After inflicting a severe blow in the form of denying flood relief to Kerala, the Centre has struck again. It has now seriously weakened Kerala's capacity to borrow from the open market.
Finance Minister T M Thomas Isaac said the Centre had, without warning and without giving any reasons, slashed Rs 3,000 crore from its borrowing limit for the last quarter of the 2019-20 fiscal. “As a result we can borrow only Rs 1,900 crore during the last quarter of this fiscal,” Isaac told reporters here on Thursday.
The minister said this would mess up the state's fiscal management. “Except for welfare support like farmers' subsidy, medical expenses for poor and students' scholarships, other major government expenditure will have to be rescheduled based on the availability of funds,” Isaac said. Salaries could probably be late. Isaac, however, did not comment on this.
Local bodies will find it even harder to get their bills cleared. Already, plan funds have been cut by 30 per cent. Now there is fear that it could be subjected to further cuts.
Contractors' woes
The sudden cash crunch will also hurt accredited government contractors who were promised payment in the first week of January. Their payment will now be pushed to the last week of January, and because the Treasury is dried of cash this will be done using a new system called 'bill discounting'.

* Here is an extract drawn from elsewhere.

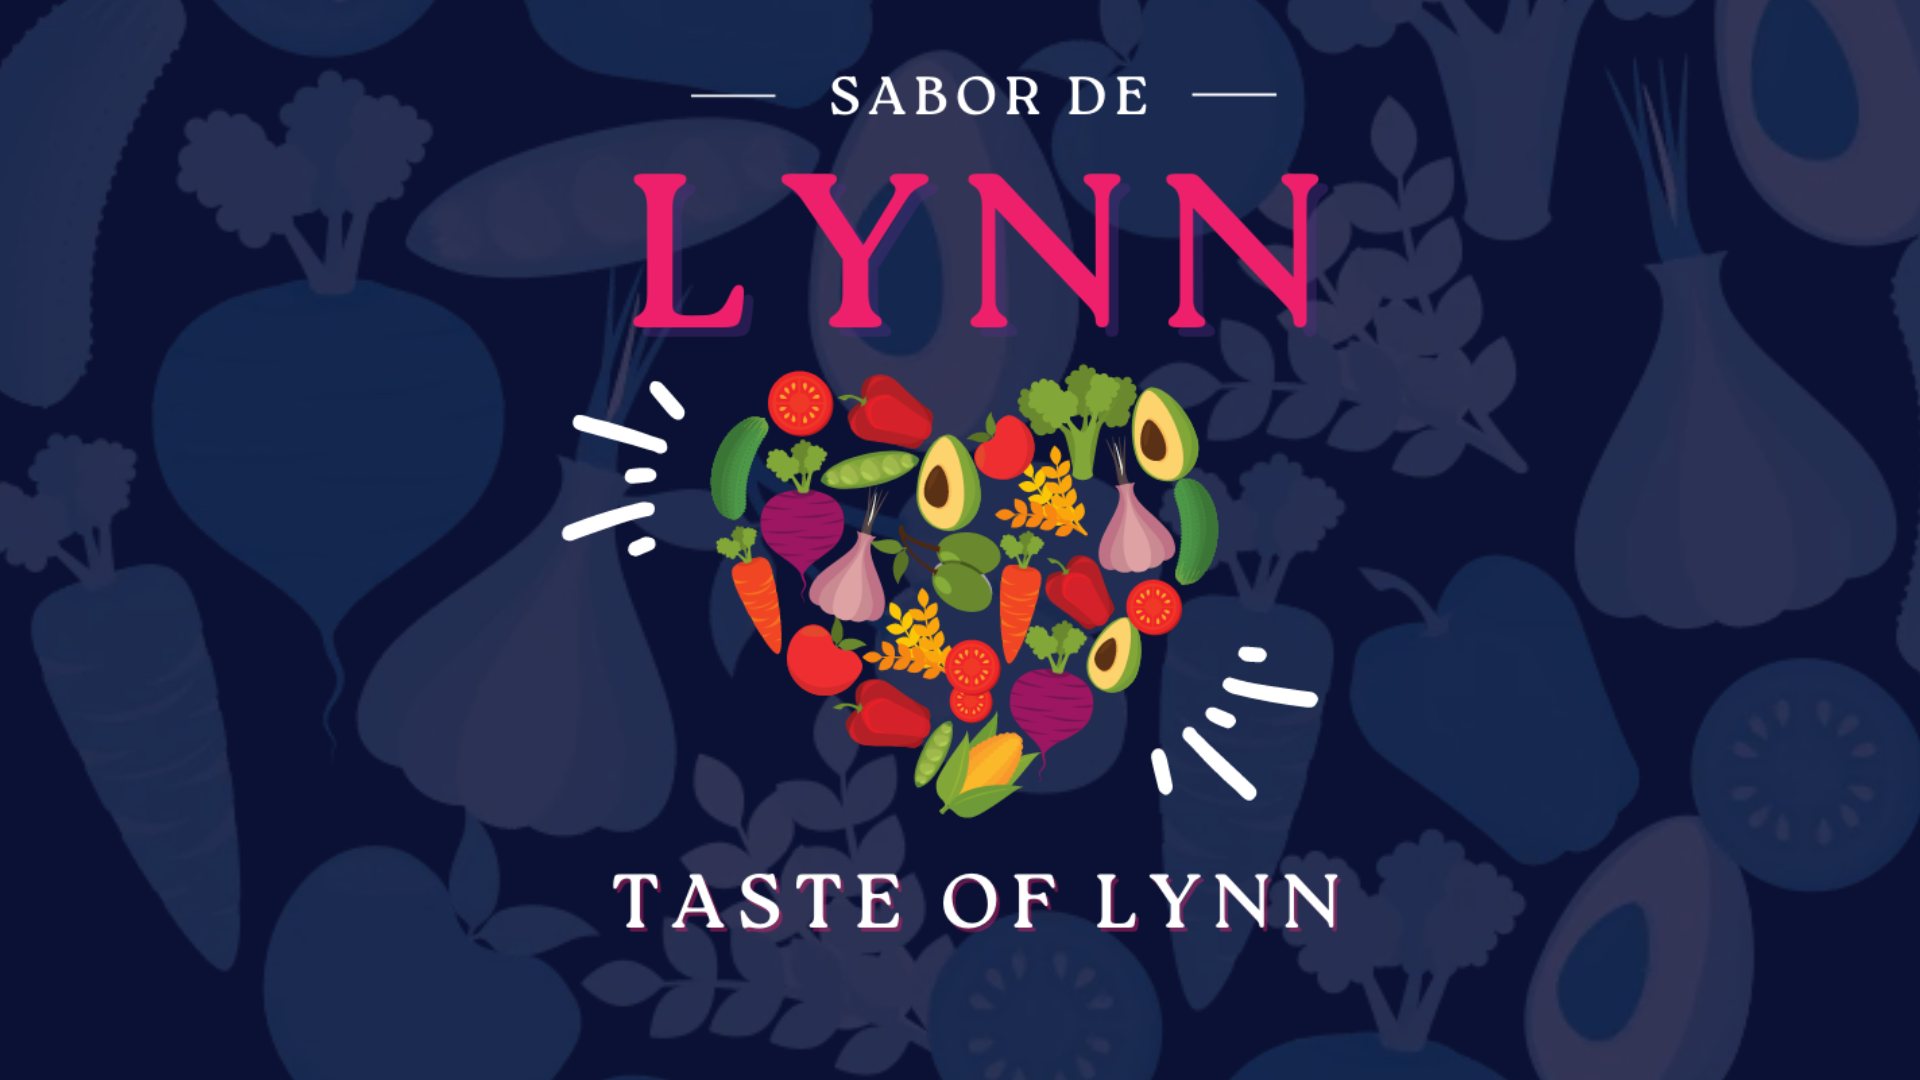 a poster for a taste of lynn/ sabor de lynn restaurant week

Under this system, the contractors will be paid by banks. In turn, banks will consider these payments as loans to the government. But what makes the system problematic is its forbidding condition: half the interest will have to be borne by the contractors. It is still not clear whether contractors would approve of the arrangement.
Deprivation, in phases
As per statute, a state can borrow up to 3 per cent of its GDP. Thus, when the 2019-20 Budget was prepared, the understanding was that Kerala could borrow Rs 24,915 crore during the fiscal. Of this, Rs 10,233 crore was scheduled for the last quarter. It is this that has now been pared down to Rs 1,900 crore, a fall of over 80 per cent.
“By the middle of the fiscal, the Centre had informed that Rs 5,325 crore would be cut from the last quarter's borrowing limit. This still meant that we could borrow Rs 4,908 crore. Yesterday evening we received a communication saying Rs 3000 crore had been taken out of this, leaving us with only Rs 1,900 crore,” the finance minister said.
Curse of a rich treasury
According to Isaac, the Centre has a strange reason to effect a cut in Kerala's borrowing limit. “They say that Kerala's Treasury deposits in 2016-17 had shown an increase of Rs 6,000 crore over what was shown in the Budget. They had considered it as loan,” Isaac said.

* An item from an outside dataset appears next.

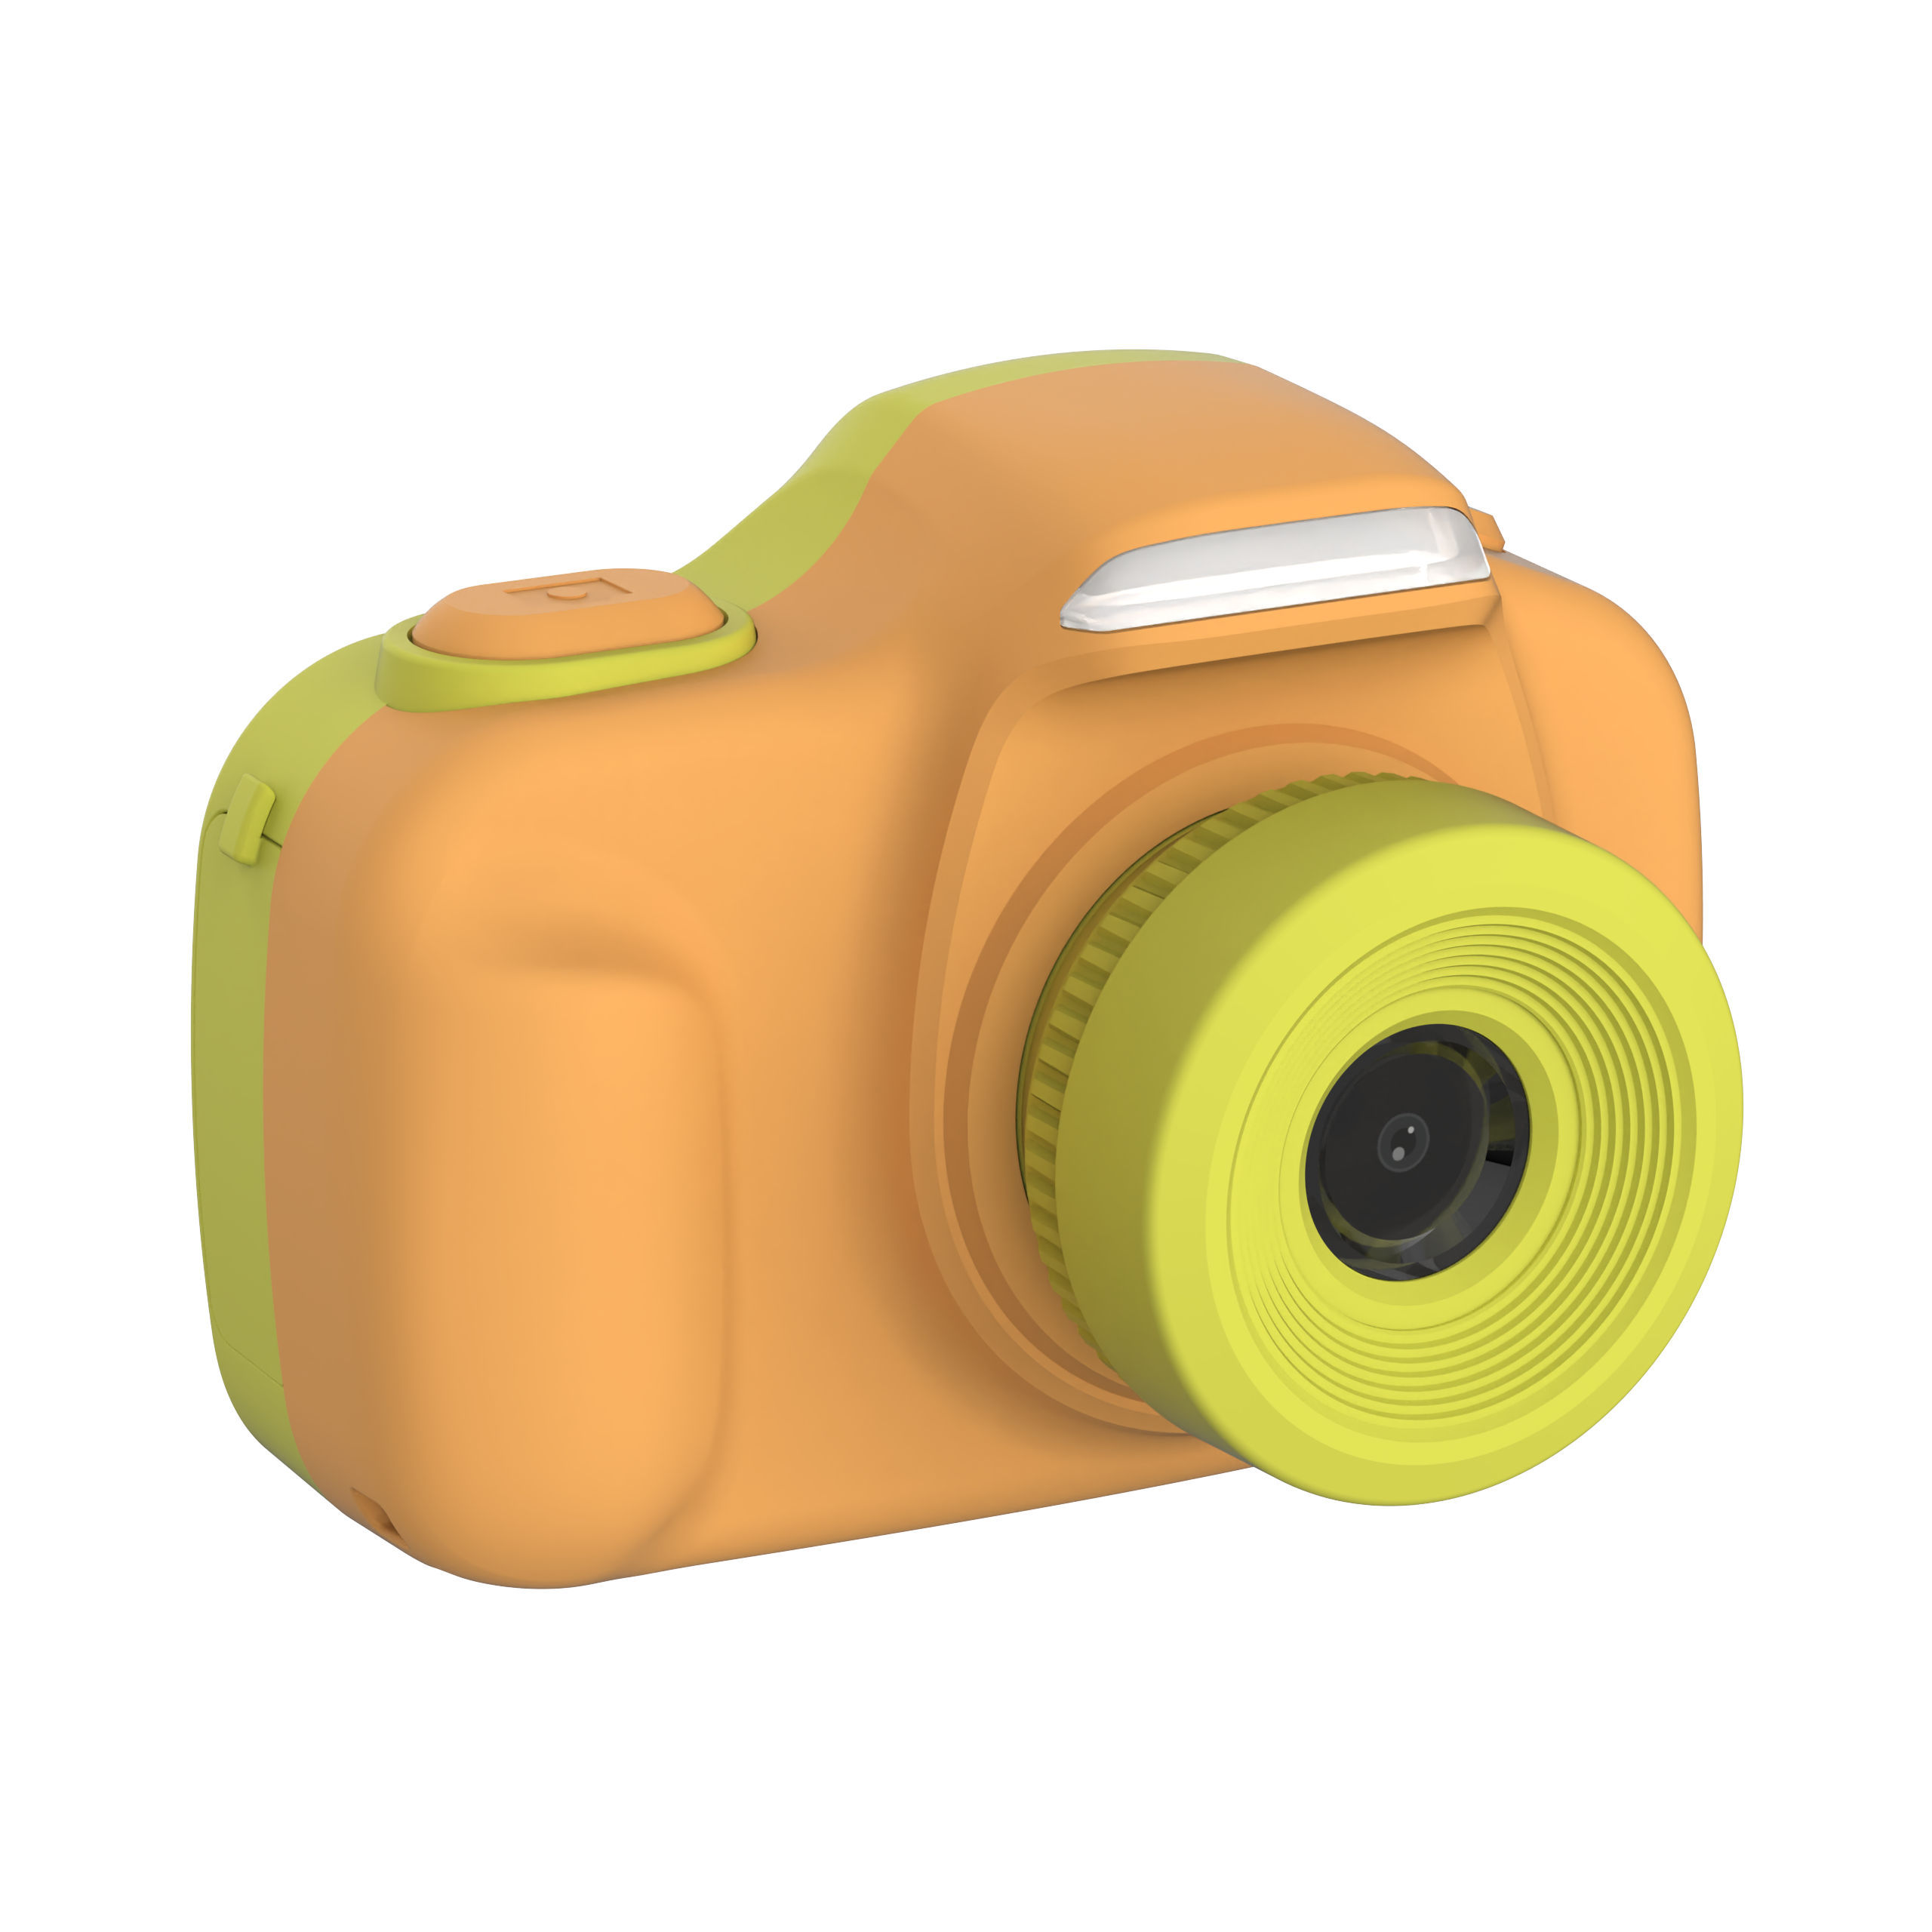 orange and yellow camera for kids

“Fact is, a substantial chunk of this is unspent money kept as Treasury deposits by various departments. It also included the salaries and pensions kept as deposits in the Treasury. How can deposits be considered loans,” Isaac said.
Isaac also found it amusing that the BJP government was using 2016-17 figures to curtail borrowing three years later.
Rs 8,000cr loss
The finance minister estimated that, including the drastic cut in borrowing limit, Kerala would stand to lose Rs 8,330 crore it was entitled to from the Centre during the last fiscal. He was referring to the GST compensation the Centre was refusing to pay the state, and the state's share from the Centre's divisible pool. “The GST compensation would come to around Rs 1,600 crore,” he said.
Isaac fears the state's share from the Centre's divisible pool, too, will come down. “Last fiscal, during the last quarter, we had received as the state's share Rs 6,866 crore. There are indications that this fiscal it would be only Rs 4,524 crore,” Isaac said.
Further, he said the Centre had not paid up Kerala's arrears related to Centrally Sponsored Schemes. For the MGNREGA scheme, Kerala has run up arrears of Rs 1,215 crore. The Centre has still not passed on the Rs 1,035 crore Kerala had used to procure rice.